Ha appena portato il figlio a scuola e ora si sta recando in metropolitana al lavoro. Improvvisamente gli si parano davanti due controllori. Dinger fa per mostrare l’abbonamento, ma si rende conto di averlo dimenticato; vuole prelevare per pagare l’ammenda, ma ha superato il limite massimo. La situazione è sempre più fuori controllo e deraglia definitivamente quando arrivano anche due poliziotti. Dinger perde le staffe, ne aggredisce uno e finisce in carcere. È l’inizio di un inferno che si protrarrà per mesi, prima di capire come tutto ciò possa essere accaduto. Mentre Dinger cerca di sopravvivere in carcere, il commissario Falt Groschen indaga su un brutale omicidio avvenuto nel centro di Vienna. Inizialmente tutti gli indizi sembrano indicare una faida familiare, ma man mano che le indagini procedono si vengono a scoprire retroscena politici impensabili. Per fare cassa, il governo avrebbe venduto ai sauditi l’acqua. Sia Dinger sia il commissario, che fino ad allora si erano “arrangiati” con la nuova situazione politica, si trovano ora a fare i conti con la domanda: “Quando si fa resistenza? Nel momento in cui la propria esistenza è in pericolo?”.

 

Il nuovo romanzo dell’austriaco Franzobel, “Rechtswalzer” (Valzer di destra, ed. Zsolnay) è ambientato nella Vienna del 2024, e per chi di valzer un po’ se ne intende, il titolo è un indizio. Nel valzer viennese, infatti, le coppie volteggiano in senso antiorario. Ma ora non più. Si potrebbe dire che provare a immaginare cosa sarà l’Austria tra cinque anni non sia un esercizio troppo difficile, politicamente parlando. Ciò nonostante è sorprendente scoprire quanto alcune situazioni immaginate da Franzobel siano già ora fatti di attualità. Tra queste la vicenda reale che riguarda Armin Wolf, noto giornalista della televisione pubblica.
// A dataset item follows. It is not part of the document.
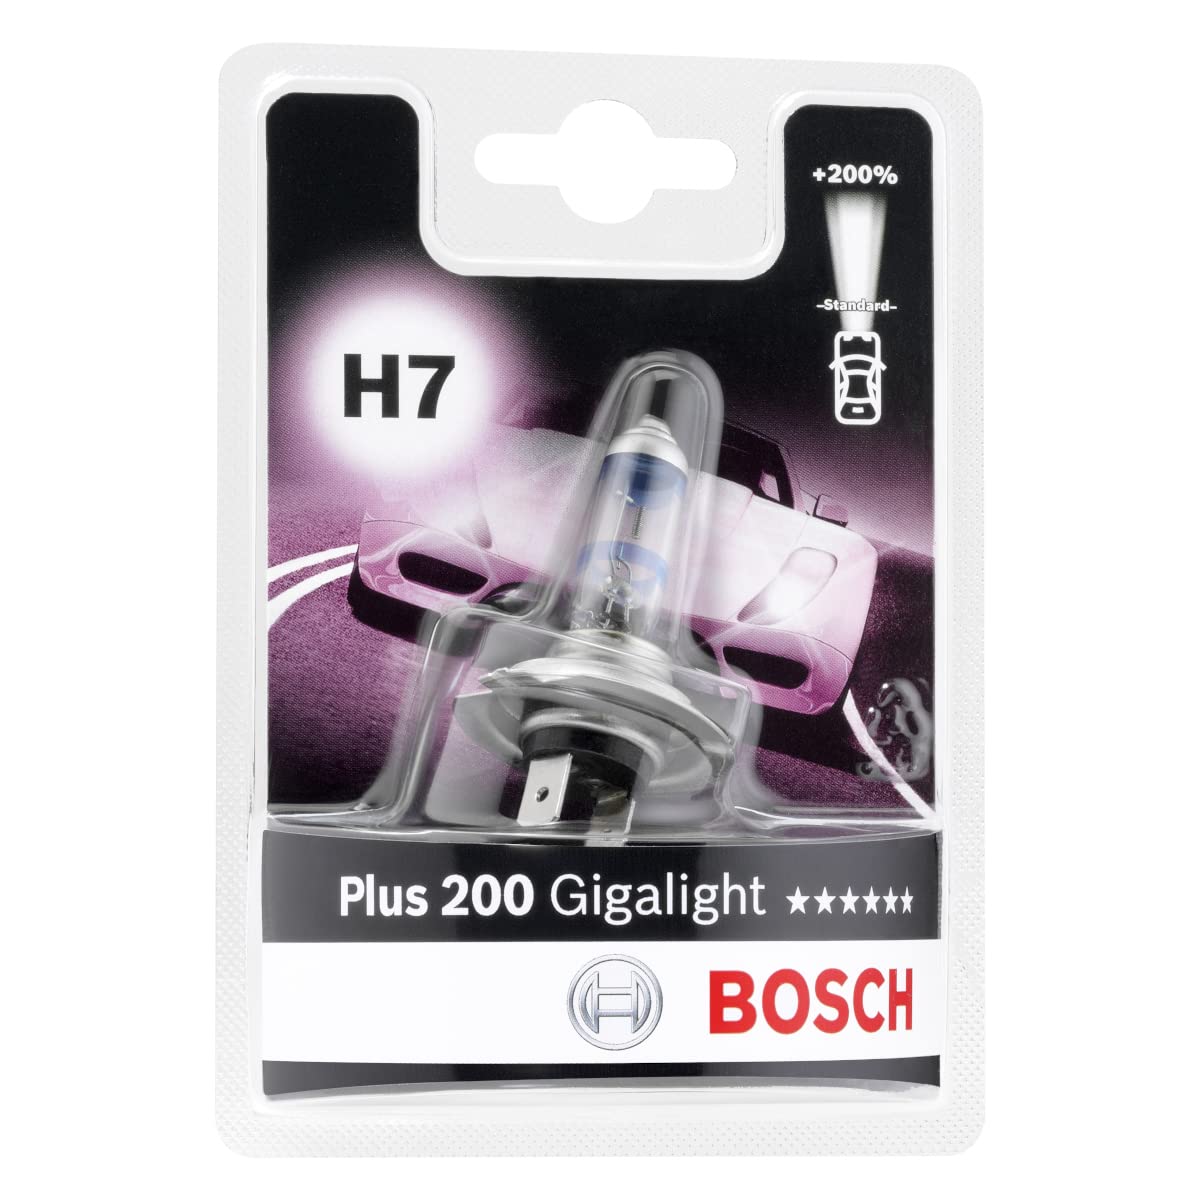 Bosch H7 Plus 200 Gigalight Lampe - 12 V 55 W PX26d - 1 Stück von Bosch Automotive
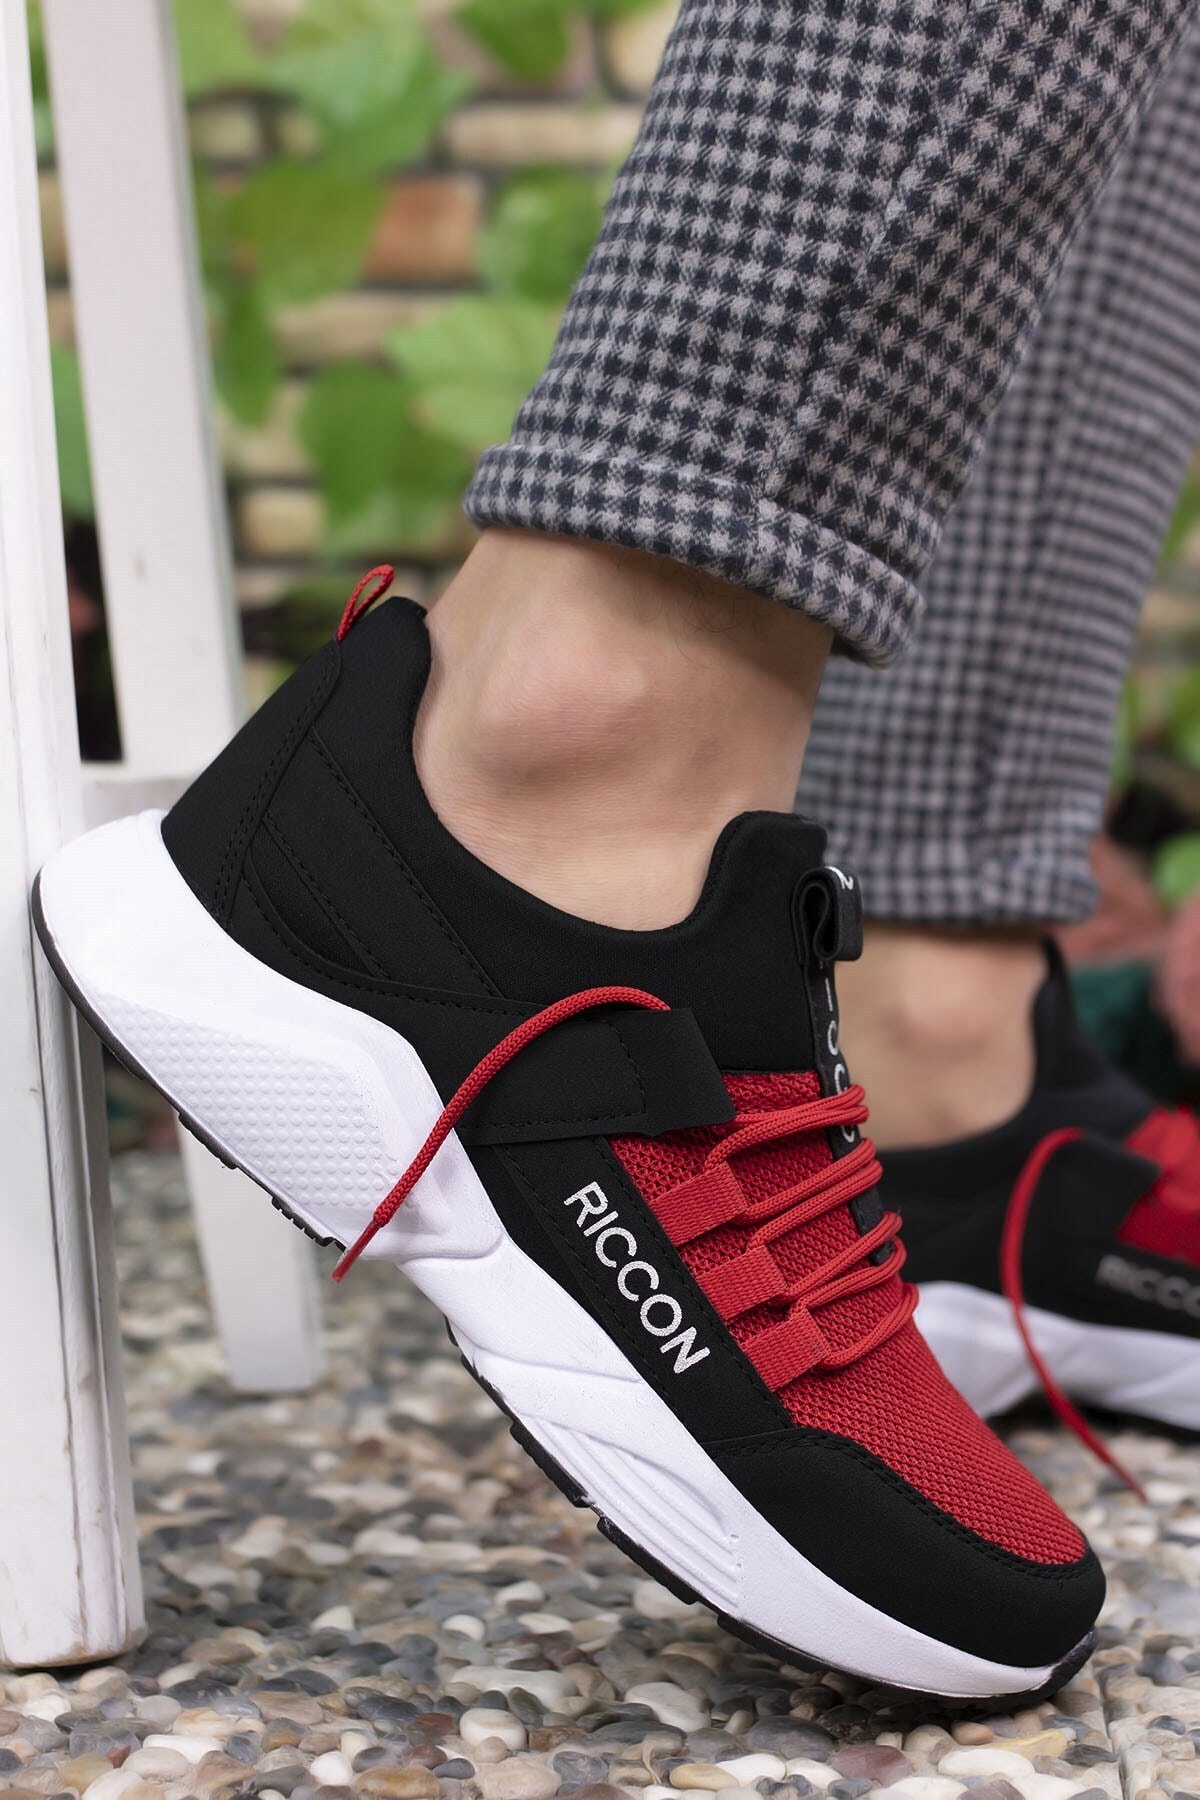 کفش ورزشی یونیسکس مشکی قرمز ریکون Riccon (برند ترکیه)

Un paio di settimane fa, nel corso di un’intervista al ministro dell’Interno Harald Vilimsky del partito nazionalista Fpö, Wolf gli aveva chiesto se non rinvenisse una somiglianza tra la raffigurazione degli stranieri su un manifesto appena pubblicato da un’organizzazione giovanile dell’Fpö e un’immagine degli ebrei pubblicata ai tempi del nazismo dall’organo di partito der Stürmer. Vilimsky aveva reagito furioso, definito la domanda “scandalosa”, e aveva minacciato Wolf di conseguenze. Anche nel libro di Franzobel c’è un noto giornalista della televisione pubblica che finisce dietro le sbarre. Il suo nome è Lex Arminius.

 

La stampa è da tempo nel mirino di Vilimsky, il quale tempo addietro ha ammonito gli organi di sicurezza a non rilasciare più interviste ai media critici. Nel ranking di Reporter senza frontiere l’Austria in un anno è scesa di 5 punti fino al 16esimo posto. E per quel che riguarda la tanto decantata “attenzione alle esigenze del cittadino comune”, se nel libro Limes vende l’acqua ai sauditi, nella realtà, l’attuale governo, ha appena decurtato i sussidi alle famiglie, anche austriache, con molti bambini. Il taglio viene inoltre applicato nel caso in cui una famiglia non conosca il tedesco o l’inglese in modo accettabile. Qualche giorno fa Strache ha rilasciato un’intervista al tabloid Kronen Zeitung nella quale, pescando tra il vocabolario nazista, denunciava il pericolo di una “sostituzione della popolazione”. Un esponente dei liberali austriaci osservava recentemente: “Se potesse questo governo incolperebbe gli stranieri anche del brutto tempo”. Il cambiamento strisciante è già in atto.